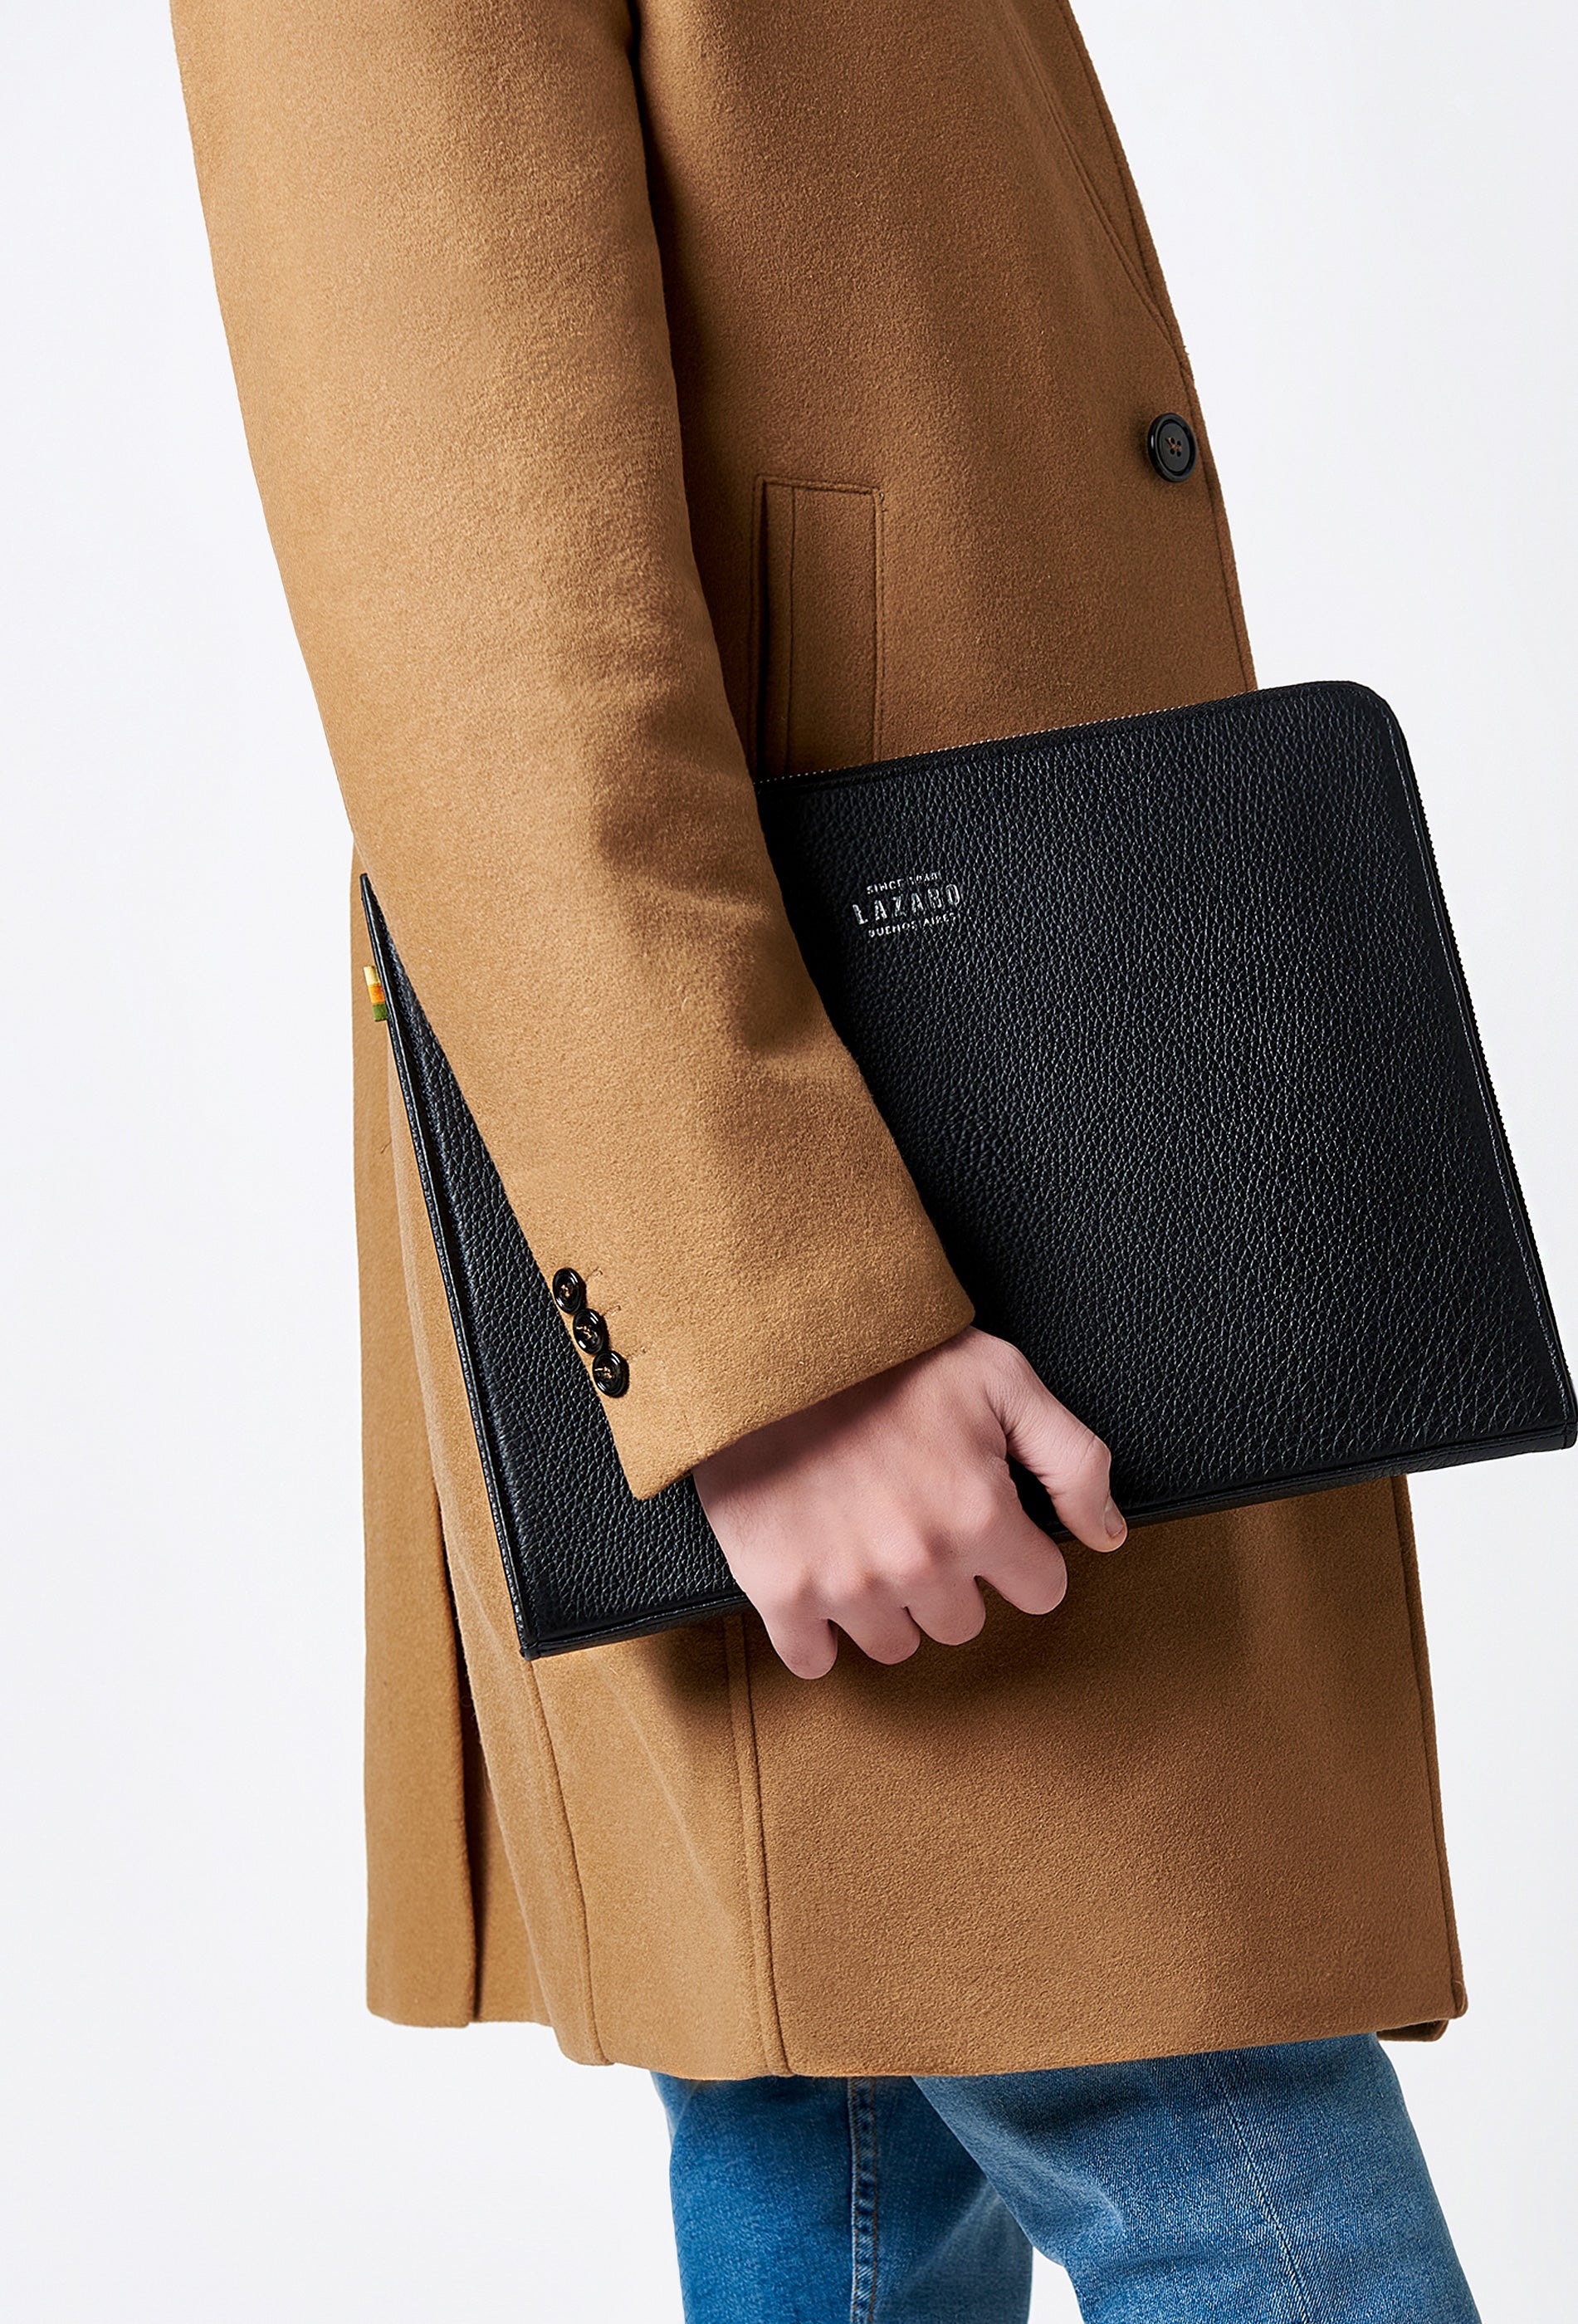 A model carries a sophisticated black leather slim computer case, showcasing its sophisticated design. The bag features internal pockets and compartments, adding to its elegant appeal. The model confidently displays the bag's size and craftsmanship while exuding a sense of style and elegance.
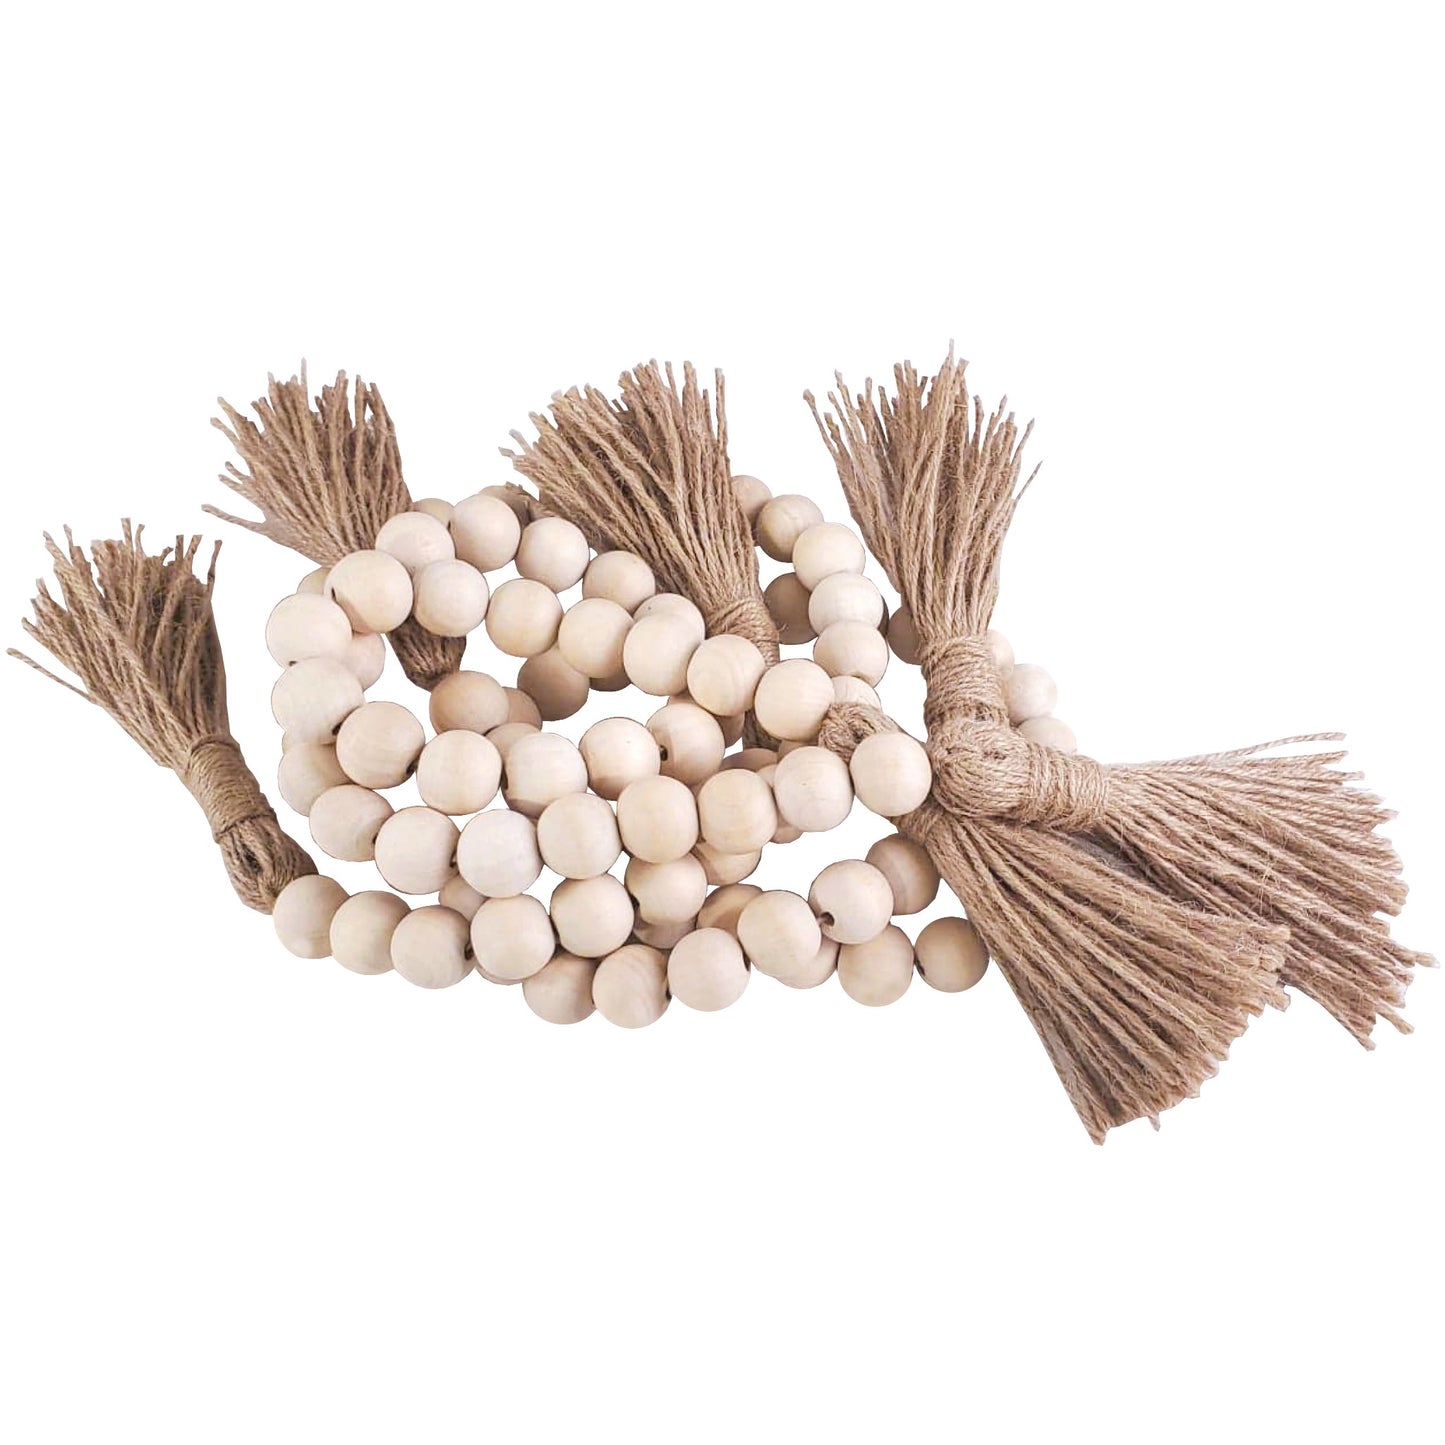 Natural Wood Bead Garland Strand - For Use With Tiered Trays Or Other Home Decor
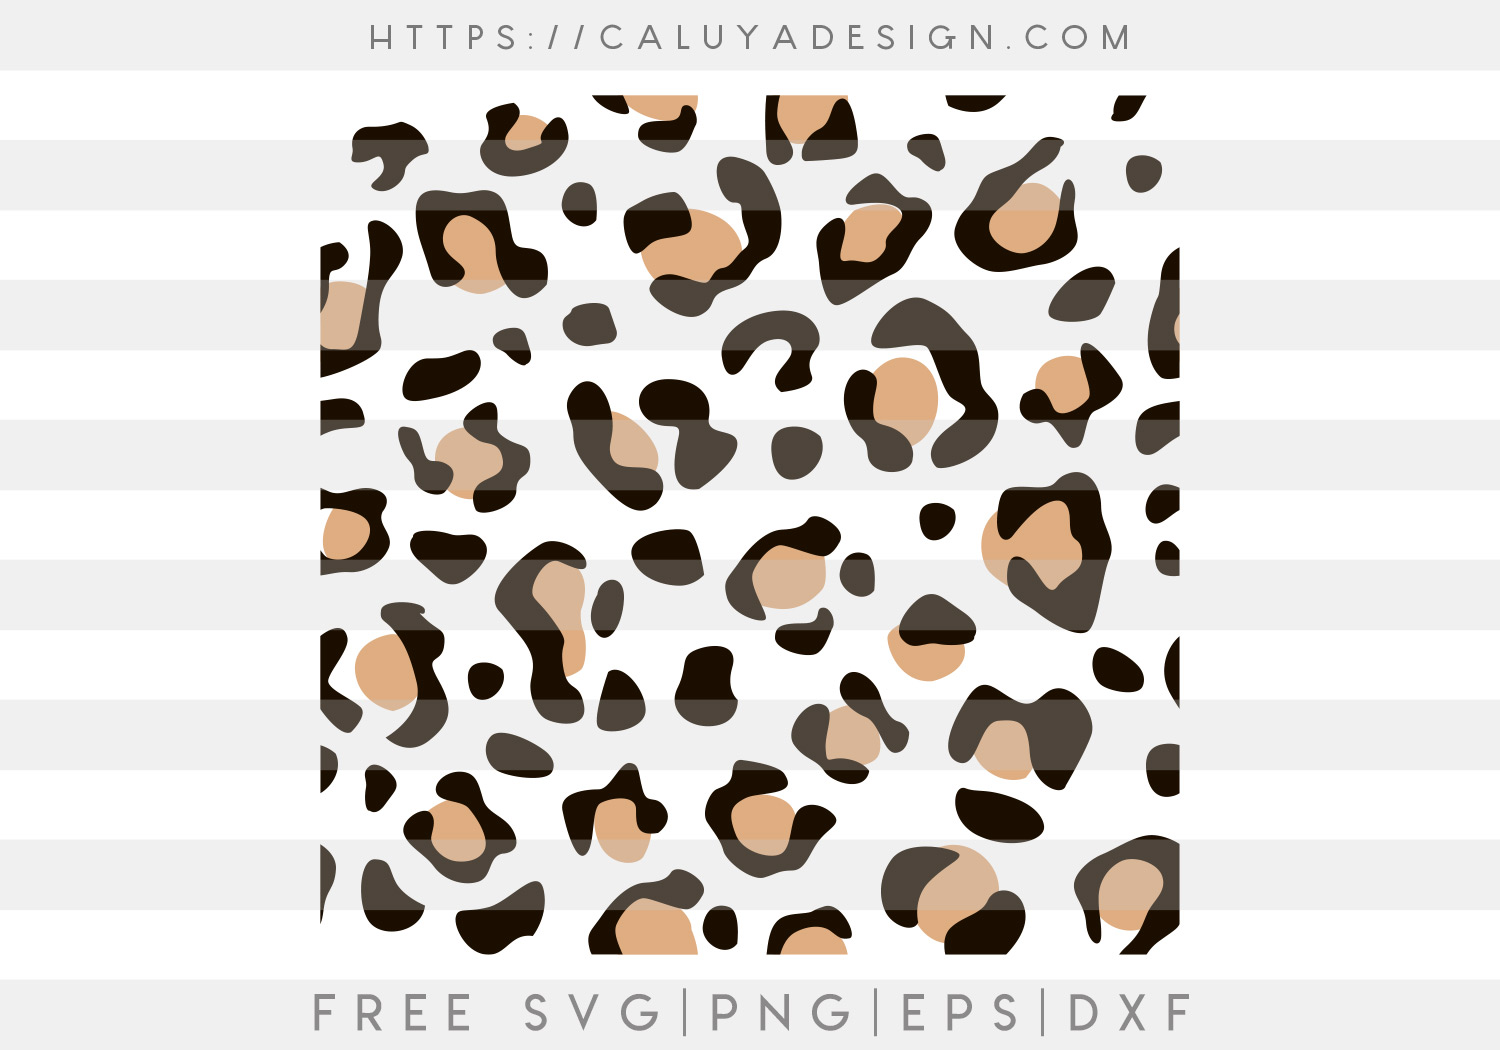 Colored Leopard SVG, PNG, EPS & DXF
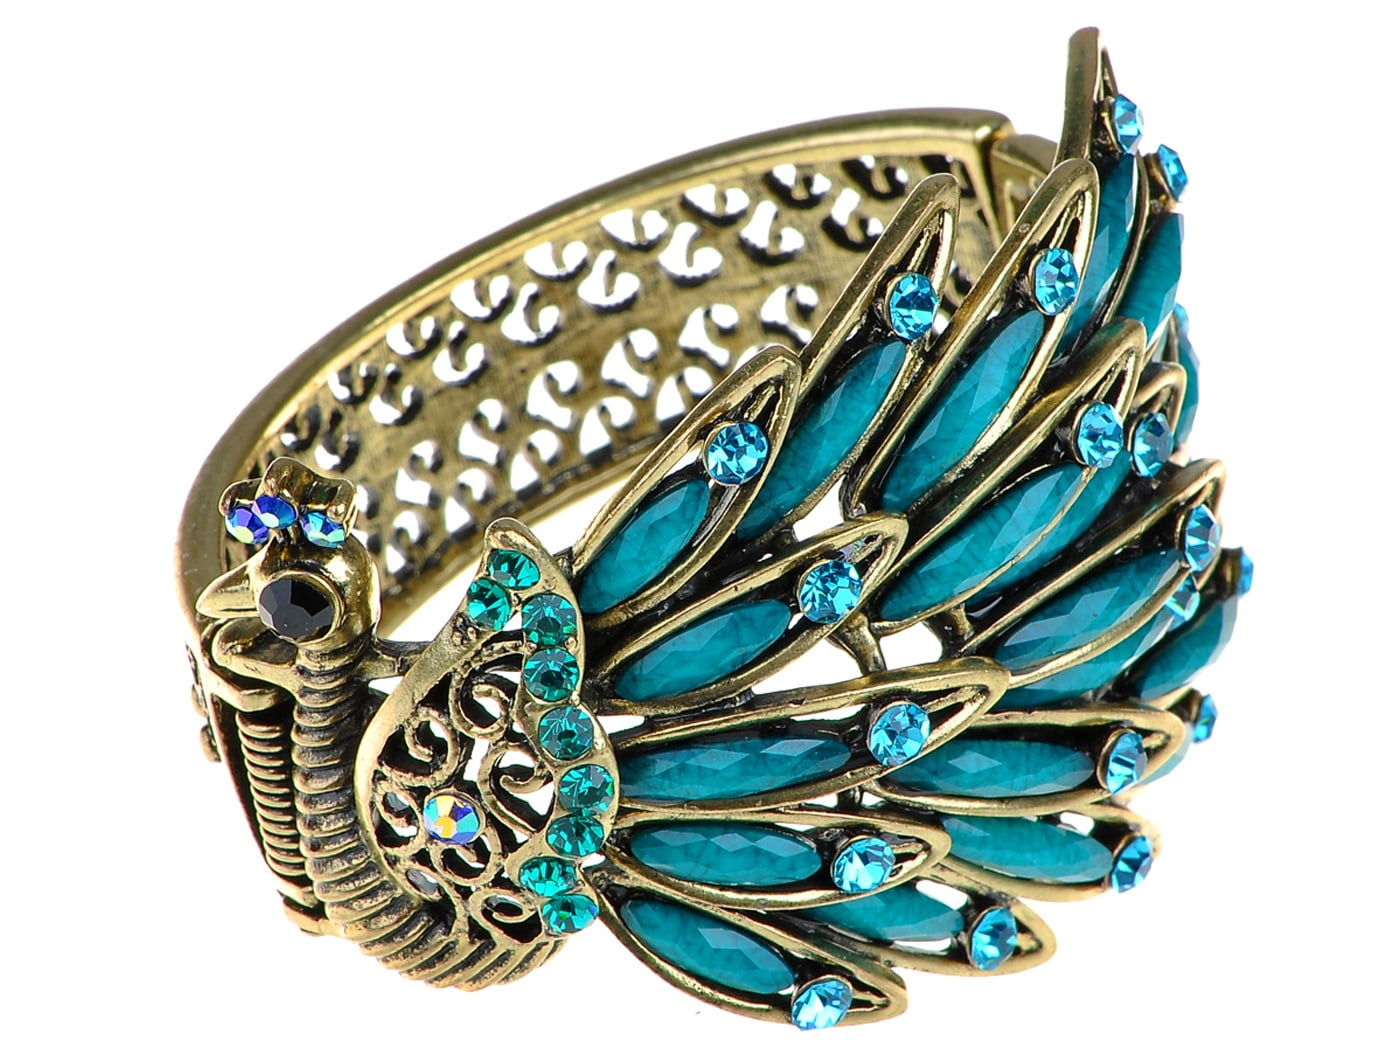 Alilang Womens Antique Golden Tone Peacock Bracelet Bangle with Turquoise Blue Gems

§ **What the task asks**
The pictures in the listing above are to be dropped, and everything else reproduced exactly.

§ **Response**
 A model carries a sophisticated black leather slim computer case, showcasing its sophisticated design. The bag features internal pockets and compartments, adding to its elegant appeal. The model confidently displays the bag's size and craftsmanship while exuding a sense of style and elegance.
 Natural Wood Bead Garland Strand - For Use With Tiered Trays Or Other Home Decor
 Colored Leopard SVG, PNG, EPS & DXF
 Alilang Womens Antique Golden Tone Peacock Bracelet Bangle with Turquoise Blue Gems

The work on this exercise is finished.